• Problem
The lines to transcribe begin with the one containing "bulgarian split squat stance" and end with the last line below; reproduce them exactly, without the pictures.

• Information shown
************
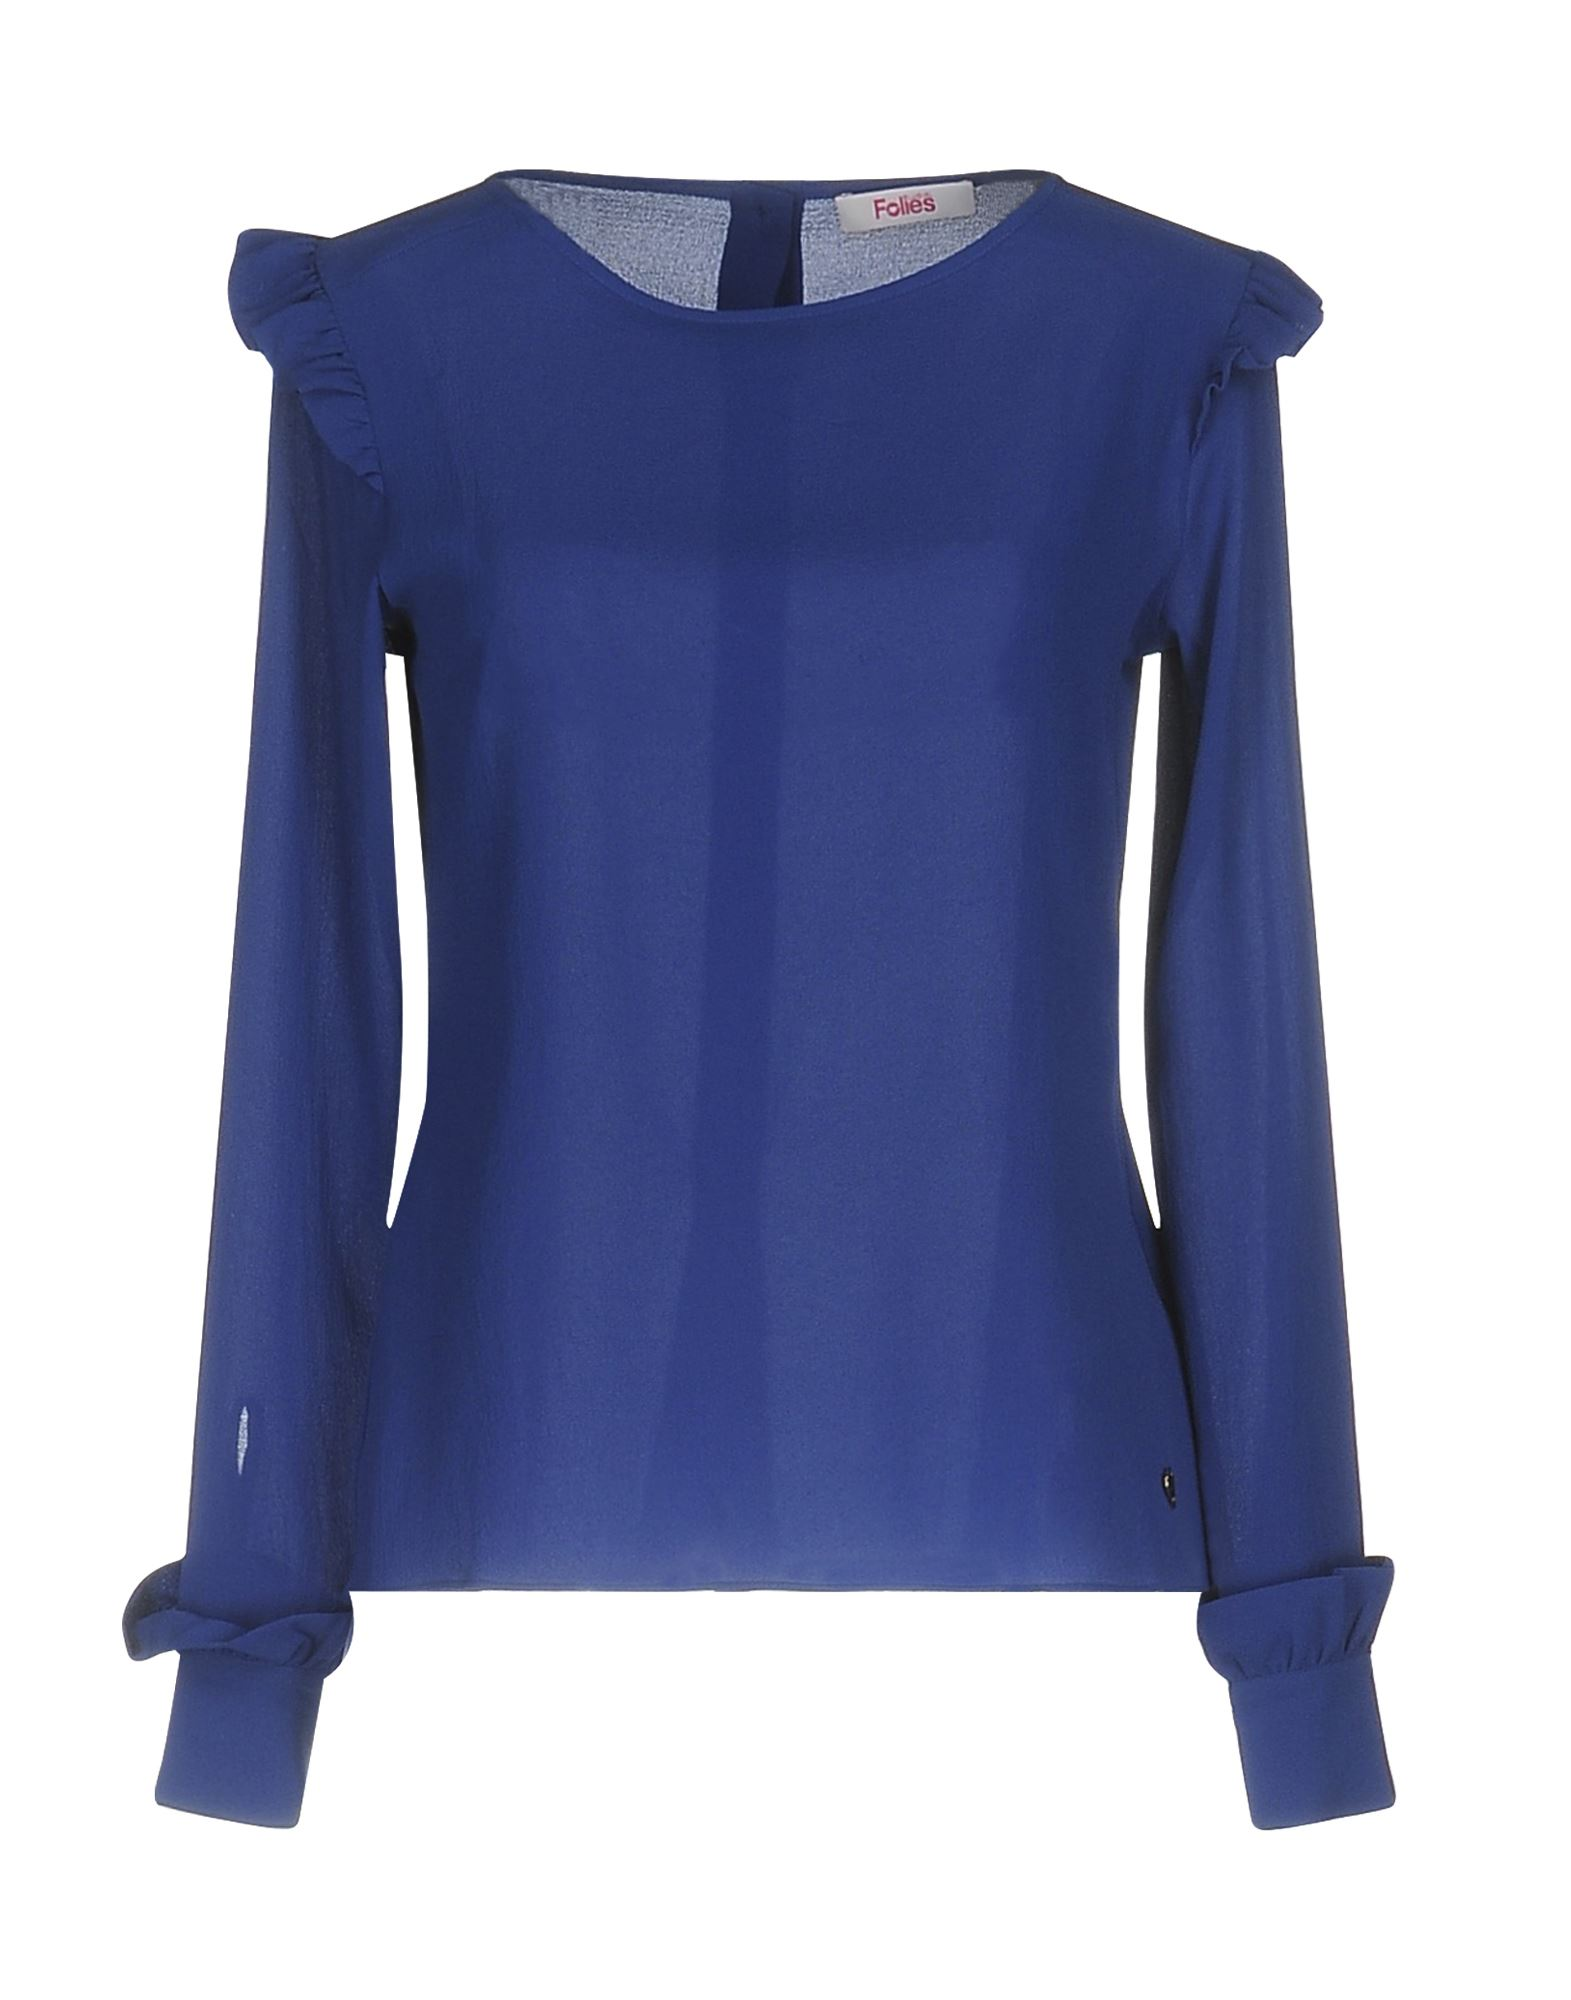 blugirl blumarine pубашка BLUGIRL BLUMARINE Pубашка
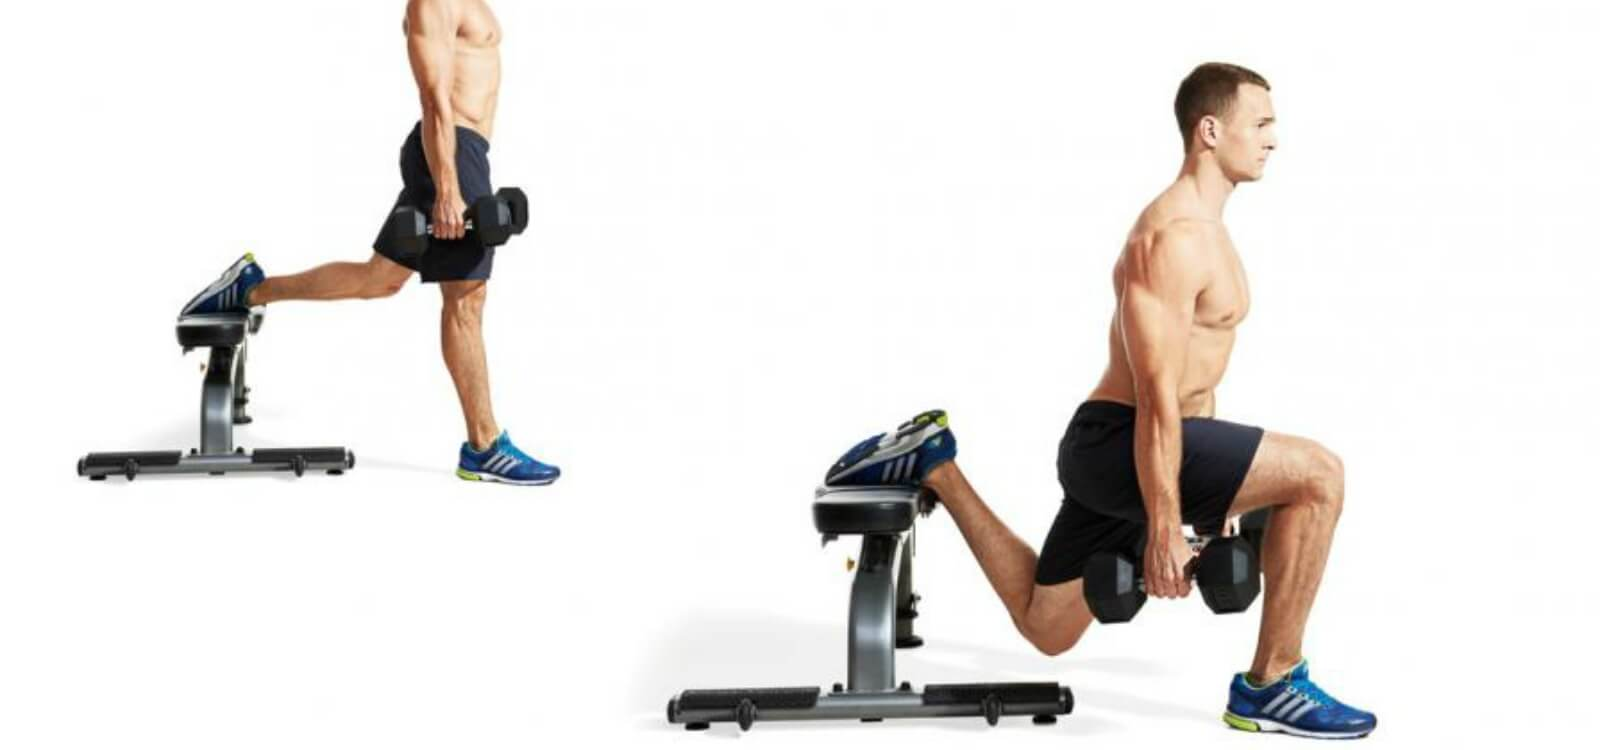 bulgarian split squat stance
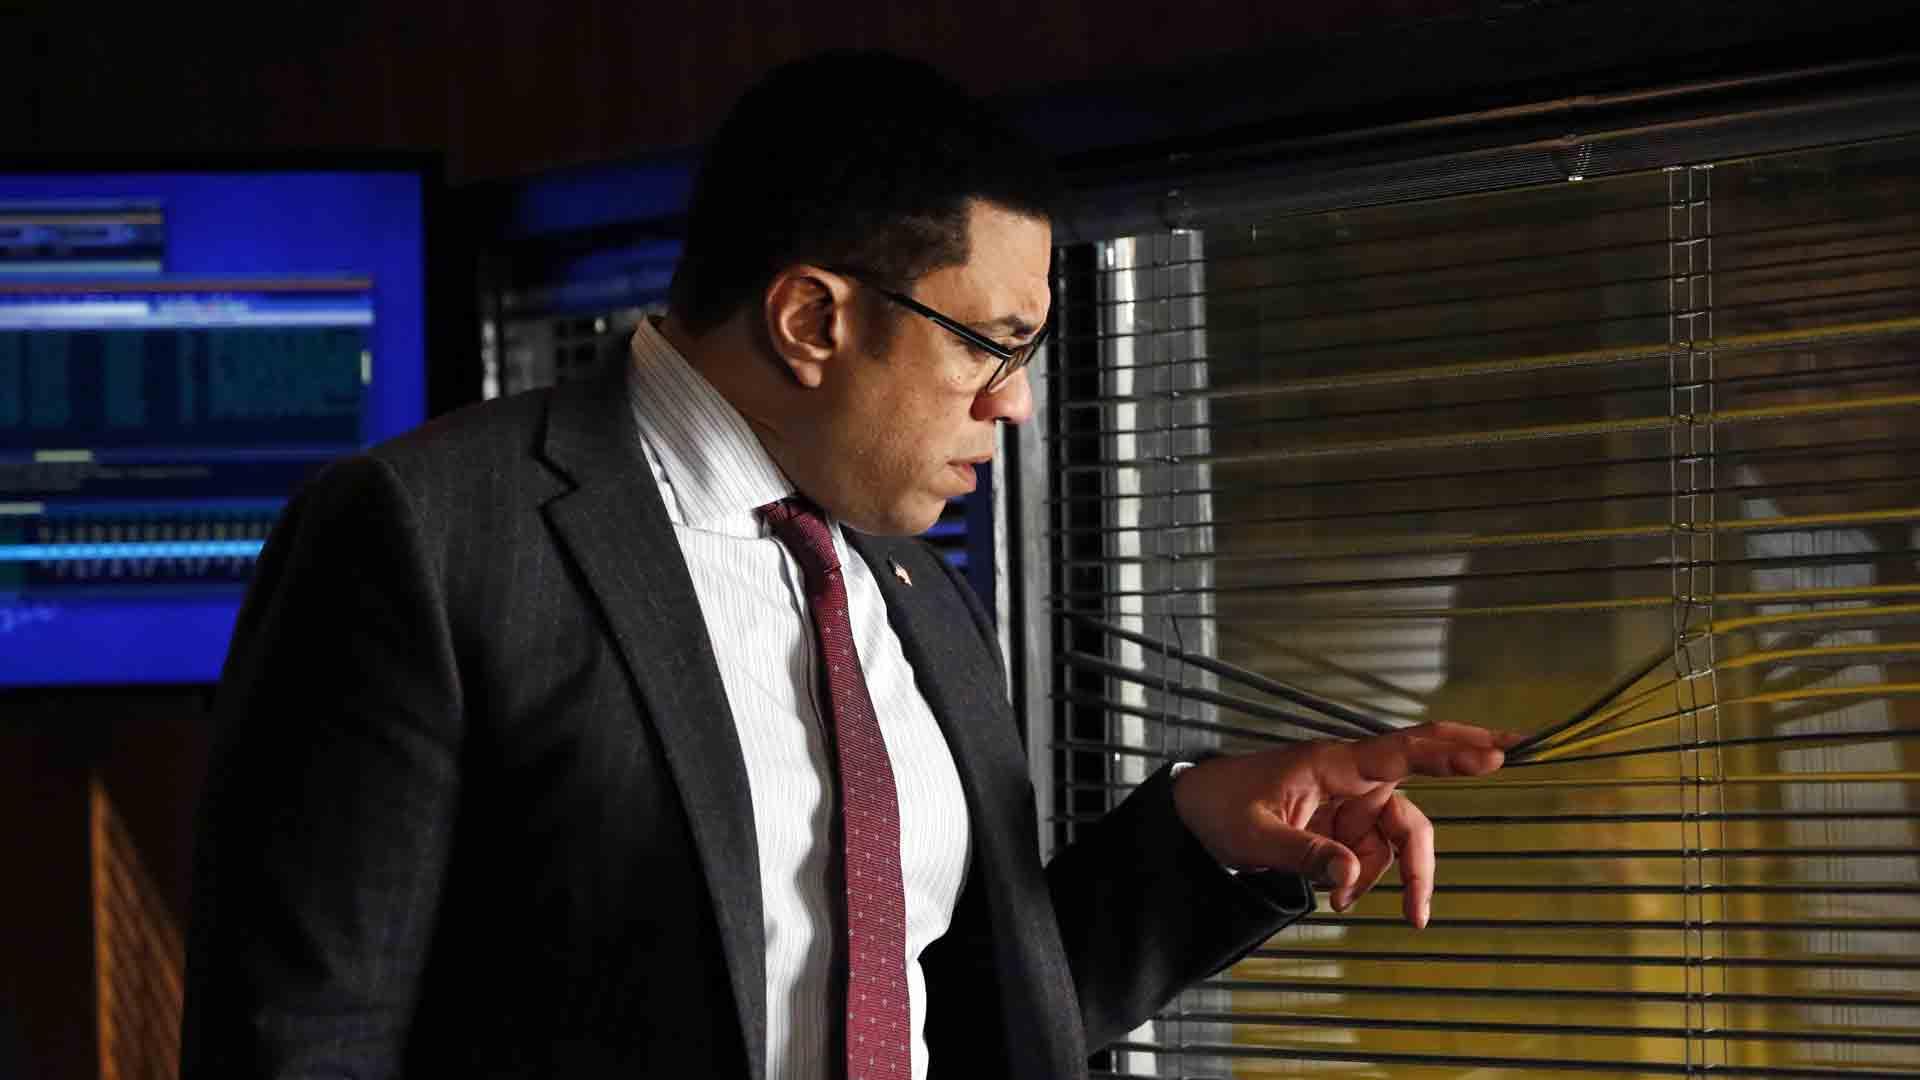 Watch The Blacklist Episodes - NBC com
************
• Finished task
 bulgarian split squat stance
 Watch The Blacklist Episodes - NBC com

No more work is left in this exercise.